Task statement: Output the data below exactly, without images.

Data shown:
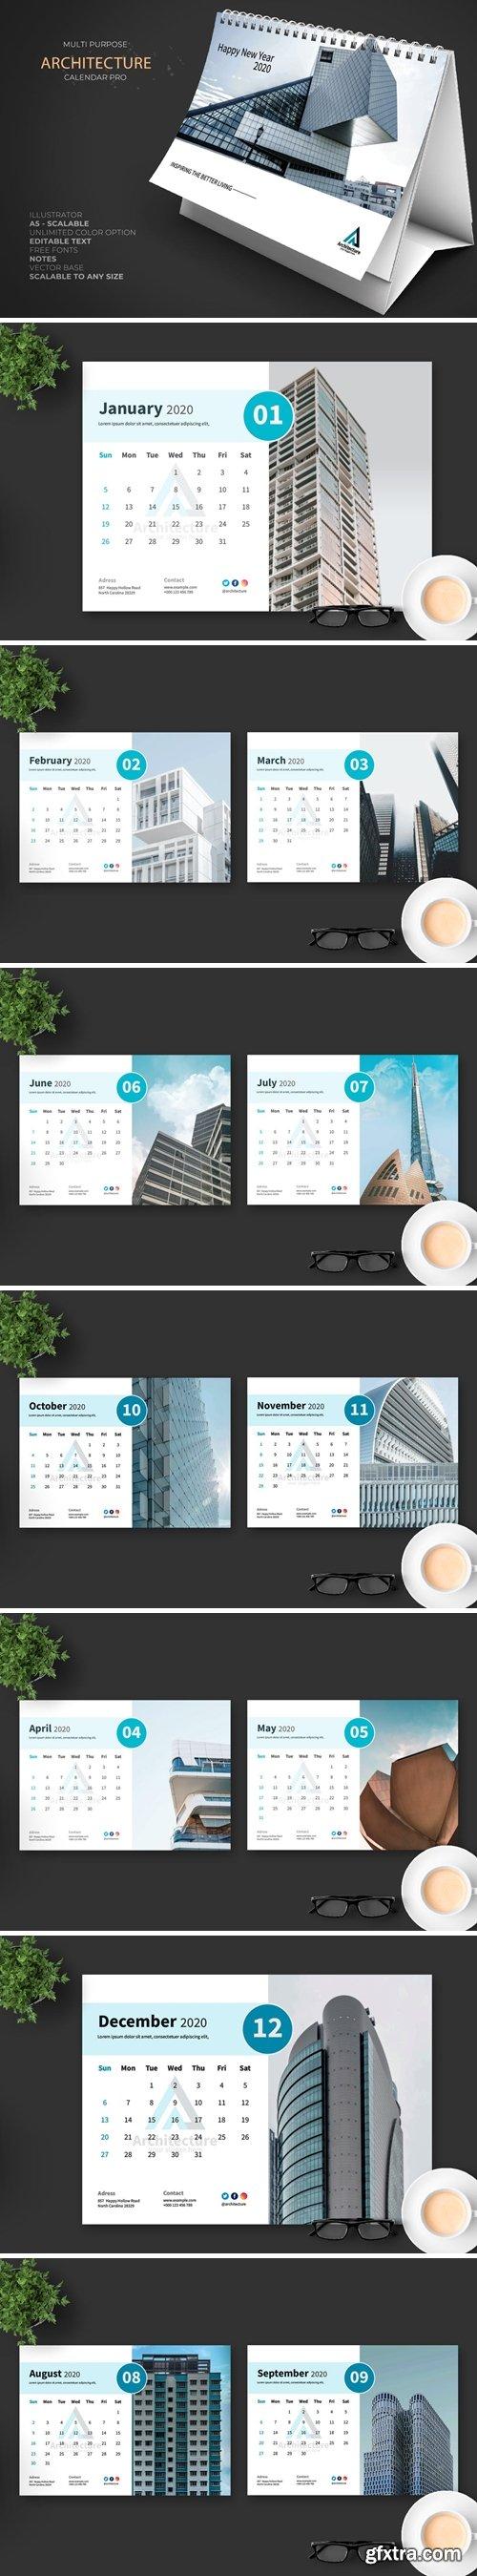 Architect Calendar Pro
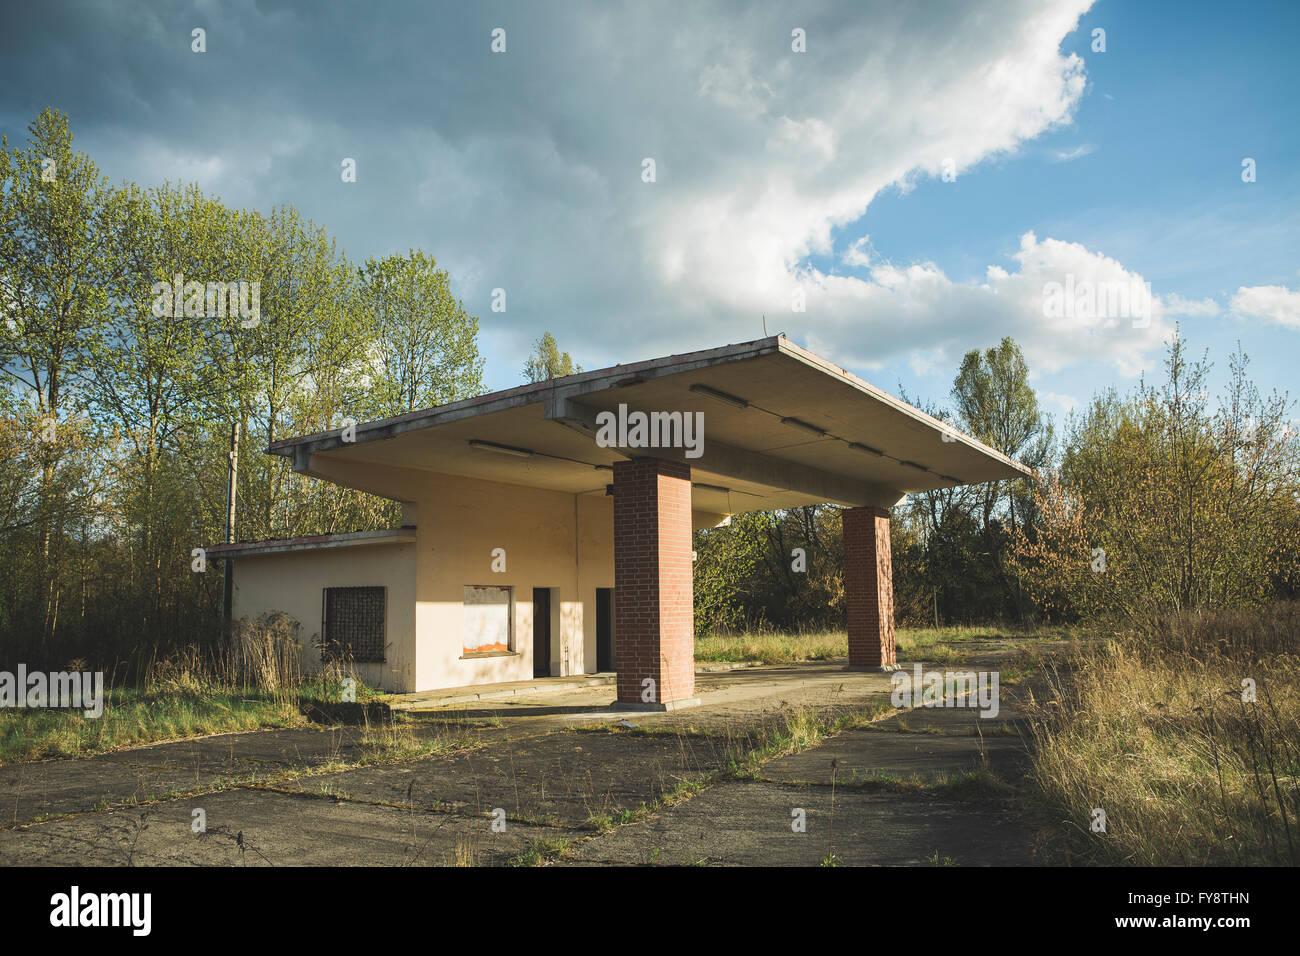 Old petrol station - Stock Image
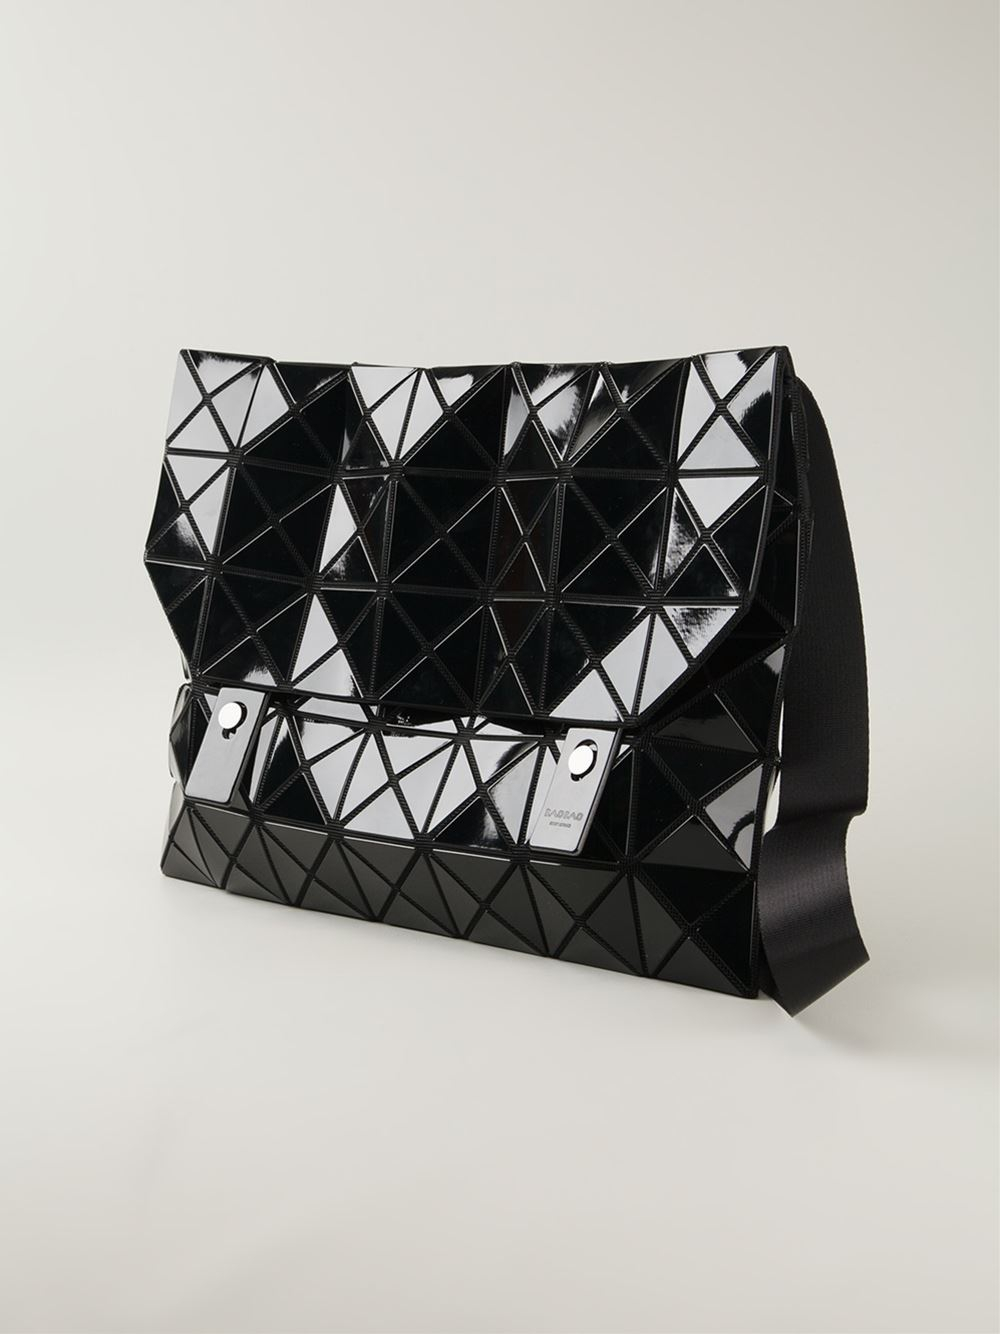 1ebf03f8bd Lyst - Bao Bao Issey Miyake Rock Basic Shoulder Bag in Black

Answer for the task:
 Architect Calendar Pro
 Old petrol station - Stock Image
 1ebf03f8bd Lyst - Bao Bao Issey Miyake Rock Basic Shoulder Bag in Black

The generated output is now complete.